Vision-guided robotic systems are increasingly deployed in precision alignment tasks that require reliable execution under near-field and off-axis configurations. While recent advances in pose estimation have significantly improved numerical accuracy, practical robotic systems still suffer from frequent execution failures even when pose estimates appear accurate. This gap suggests that pose accuracy alone is insufficient to guarantee execution-level reliability. In this paper, we reveal that such failures arise from a deterministic geometric error amplification mechanism, in which small pose estimation errors are magnified through system structure and motion execution, leading to unstable or failed alignment. Rather than modifying pose estimation algorithms, we propose a Reliability-aware Execution Gating mechanism that operates at the execution level.
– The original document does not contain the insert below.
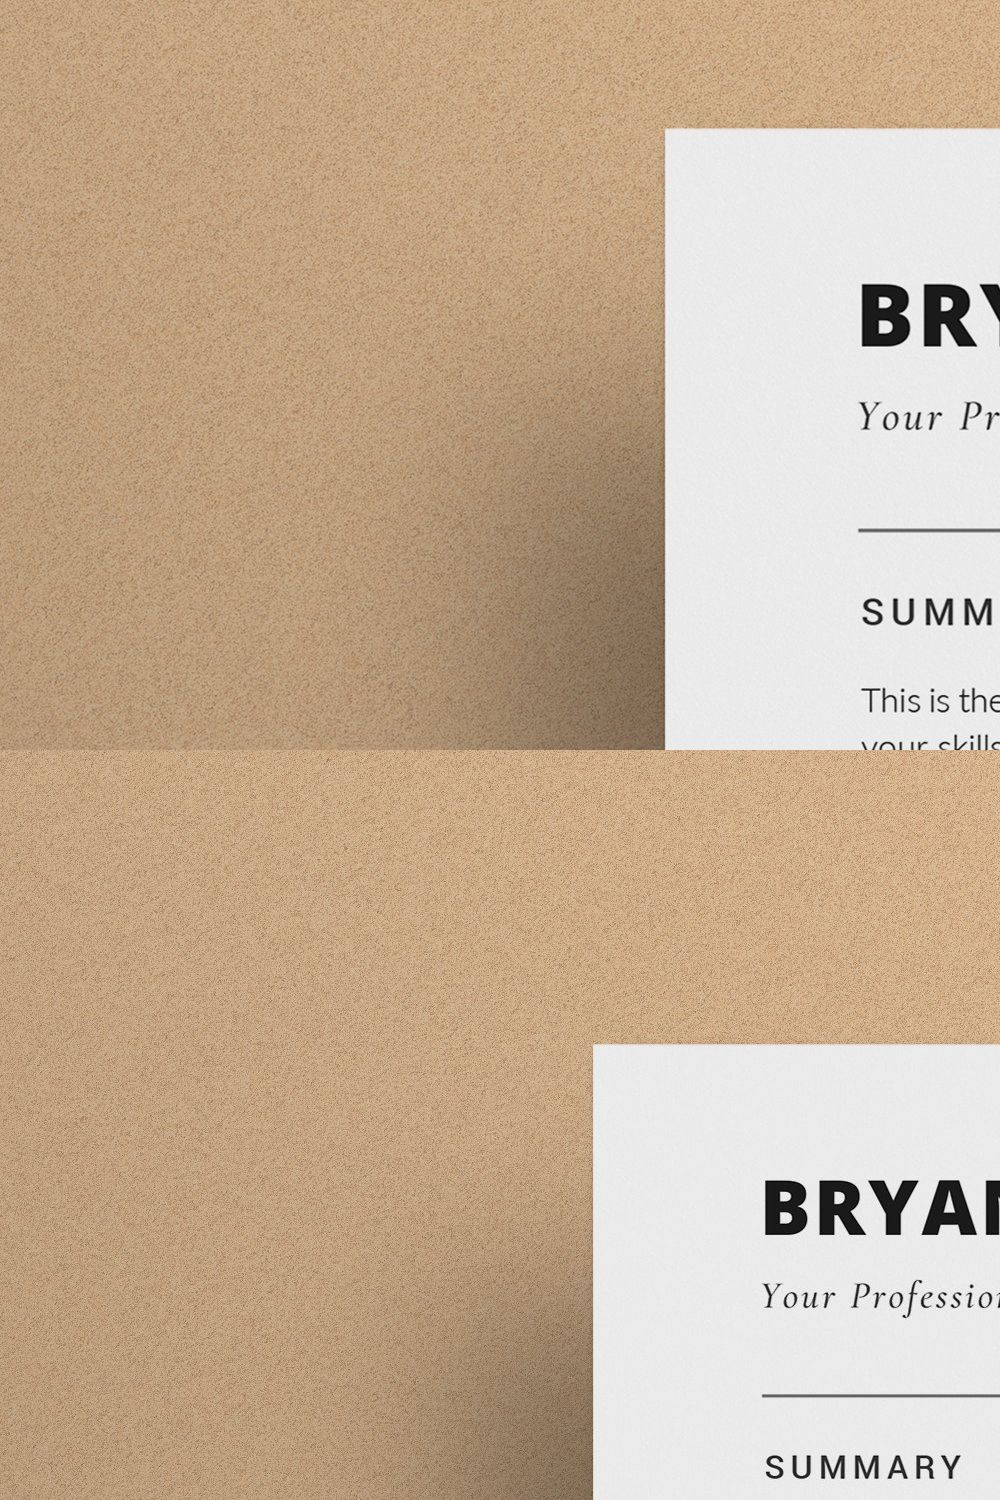 Resume/CV - The Bryan pinterest preview image.

The proposed approach evaluates geometric consistency and configuration risk before execution, and selectively rejects or scales high-risk pose updates. We validate the proposed method on a real UR5 robotic platform performing single-step visual alignment tasks under varying camera-target distances and off-axis configurations. Experimental results demonstrate that the proposed execution gating significantly improves task success rates, reduces execution variance, and suppresses tail-risk behavior, while leaving average pose accuracy largely unchanged. Importantly, the proposed mechanism is estimator-agnostic and can be readily integrated with both classical geometry-based and learning-based pose estimation pipelines. These results highlight the importance of execution-level reliability modeling and provide a practical solution for improving robustness in near-field vision-guided robotic systems.

翻译：视觉引导机器人系统在精密对准任务中的部署日益增多，这些任务要求在近场和离轴配置下实现可靠执行。尽管位姿估计的最新进展显著提高了数值精度，但实际的机器人系统即使在其位姿估计看似准确时，仍频繁遭遇执行失败。这一差距表明，仅凭位姿精度不足以保证执行层面的可靠性。本文揭示，此类失败源于一种确定性的几何误差放大机制，即微小的位姿估计误差通过系统结构和运动执行被放大，从而导致不稳定或失败的对准。我们并未修改位姿估计算法，而是提出一种在**执行层面**运作的**可靠性感知执行门控**机制。该方法在执行前评估几何一致性与配置风险，并选择性地拒绝或缩放高风险的位姿更新。我们在一个真实的UR5机器人平台上验证了所提方法，该平台在变化的相机-目标距离和离轴配置下执行单步视觉对准任务。实验结果表明，所提出的执行门控显著提高了任务成功率，降低了执行方差，并抑制了尾部风险行为，同时平均位姿精度基本保持不变。重要的是，该机制与估计器无关，可轻松集成到基于经典几何和基于学习的位姿估计流程中。这些结果凸显了执行层面可靠性建模的重要性，并为提升近场视觉引导机器人系统的鲁棒性提供了一种实用解决方案。